Bail Application Lawyers Sydney
Bail applications can be one of the most frightening experiences for people accused of crimes and their families. Bail applications are high stakes because if unsuccessful, a person may stay in prison for weeks months or years, waiting for their case to finalise. This is a terrifying prospect for someone who has never been to jail and may not think they are tough enough to survive.
Even for people who have been in and out of prison before, the prospect of being refused bail is confronting. It rips them away from their children, wives, family, and friends. They only have a couple of hours visits at correctional centres and 6-minute phone calls.
The impact of being refused bail can be devastating. This is why Australian Criminal Law Group are the criminal lawyers that you and your family need if you are refused bail.
Below is information about the bail process. If you need further representation or bail advice, make a website enquiry here or call our free 24/7 bail hotline on (02) 8815 8167.
What is Bail?
Bail is where a person, charged with a criminal offence, is released from prison while their case is being determined in court.

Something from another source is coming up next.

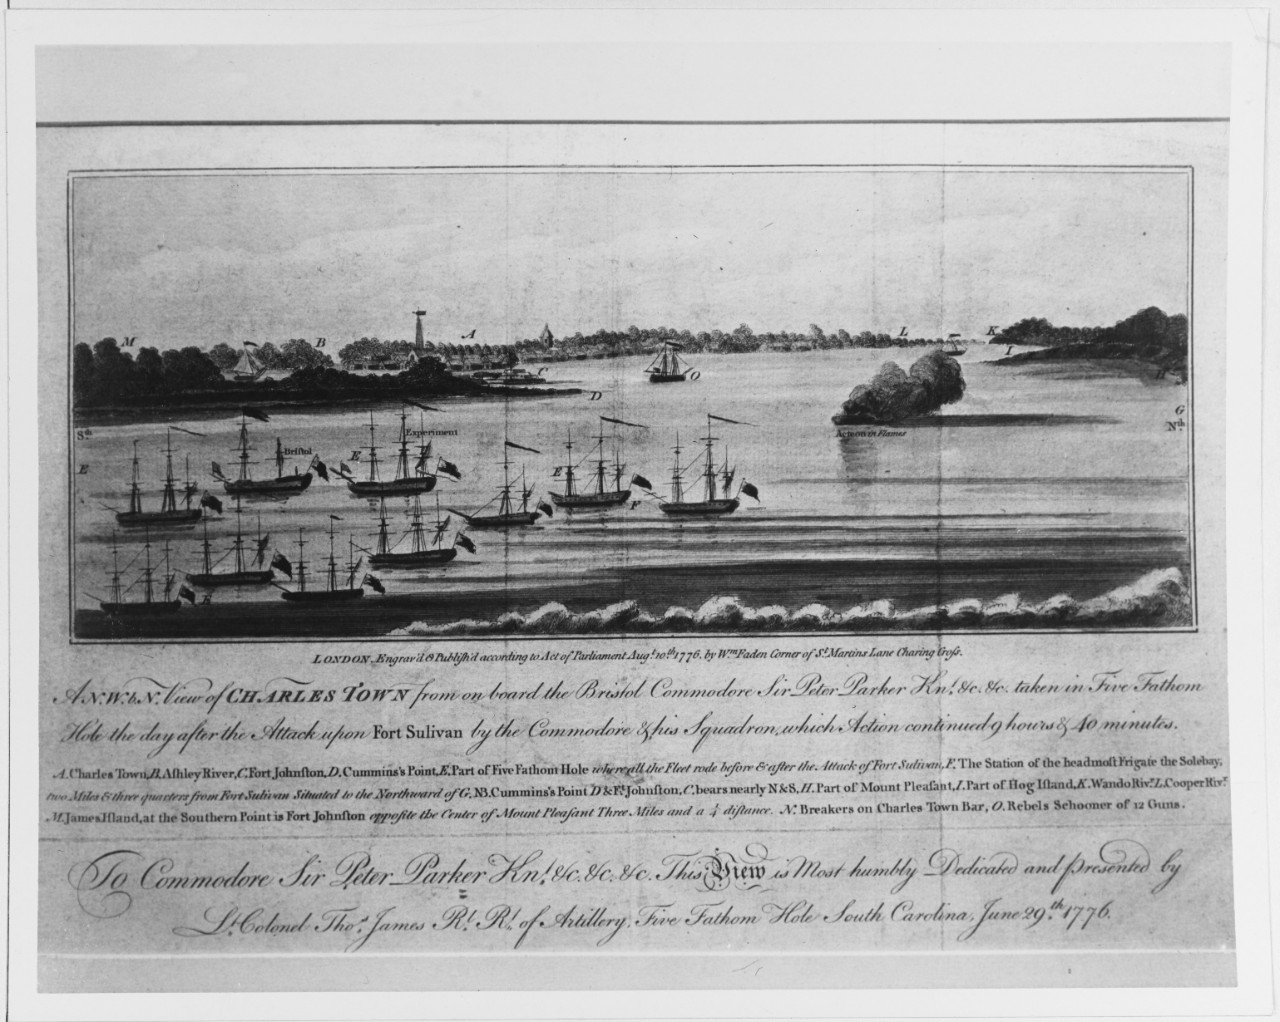 Charlestown in 1776 by William Faden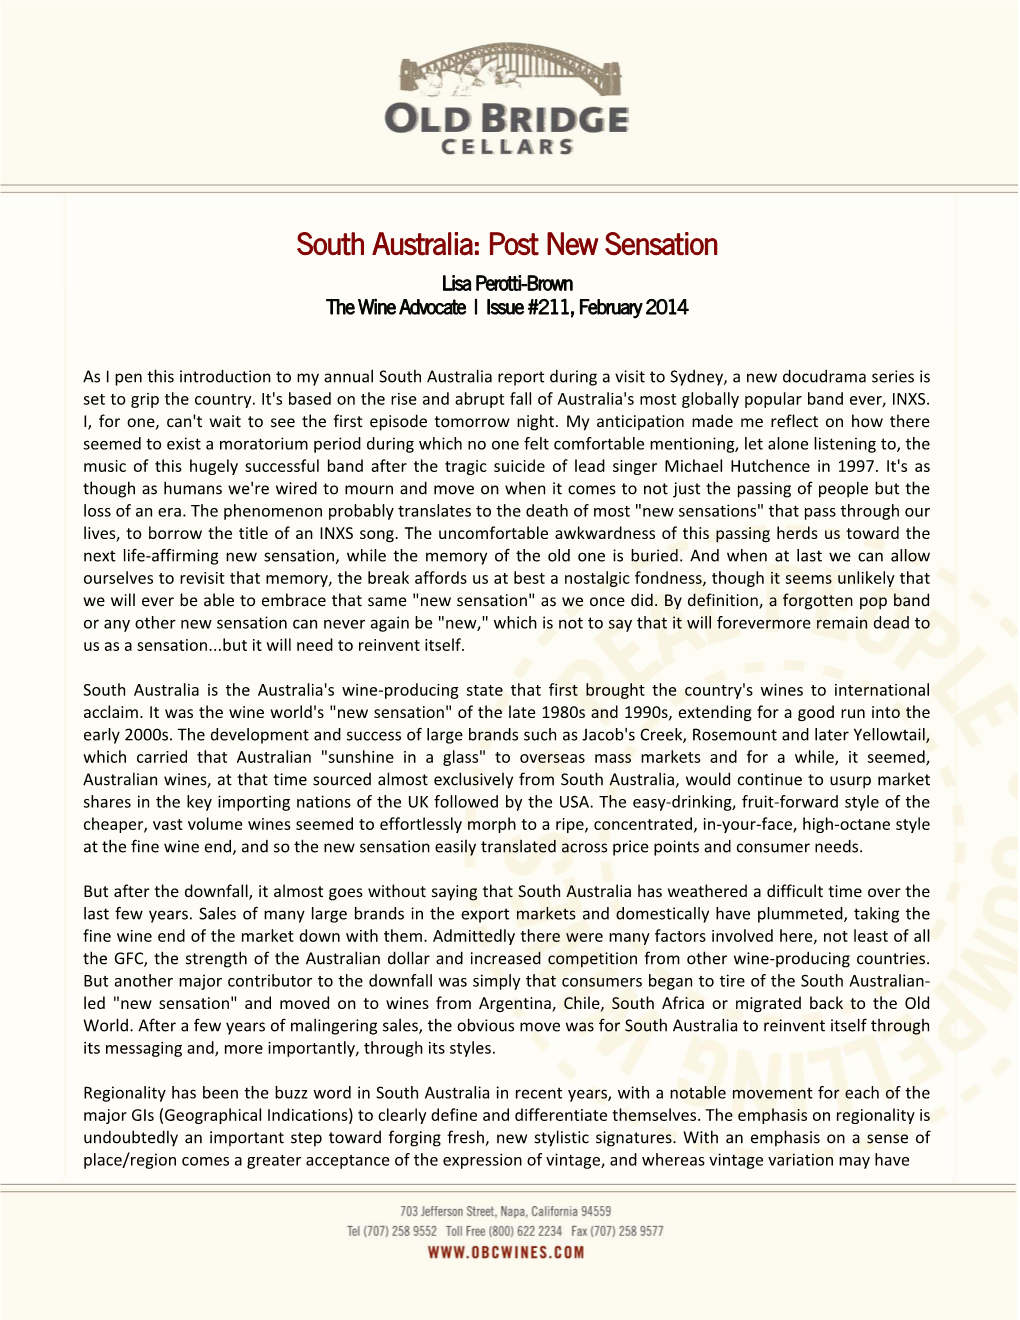 South Australia: Post New Sensation Lisa Perotti-Brown the Wine Advocate | Issue #211, February 2014

Bail in New South Wales is mandated under the Bail Act 2013 No 26 which provides a legislative framework for a decision as to whether a person who is accused of an offence or is otherwise required to appear before a court should be detained or released, with or without conditions.
Who can grant bail?
Bail can be granted by one of four main bail authorities. These are listed in The Act as;
- A police officer: Bail is granted by the police after an arrest. This is called ‘police bail’
- Local Court: Where bail is refused by the police, you will attend court to have your matter heard by a local court magistrate at the next possible date. This is ‘court bail’.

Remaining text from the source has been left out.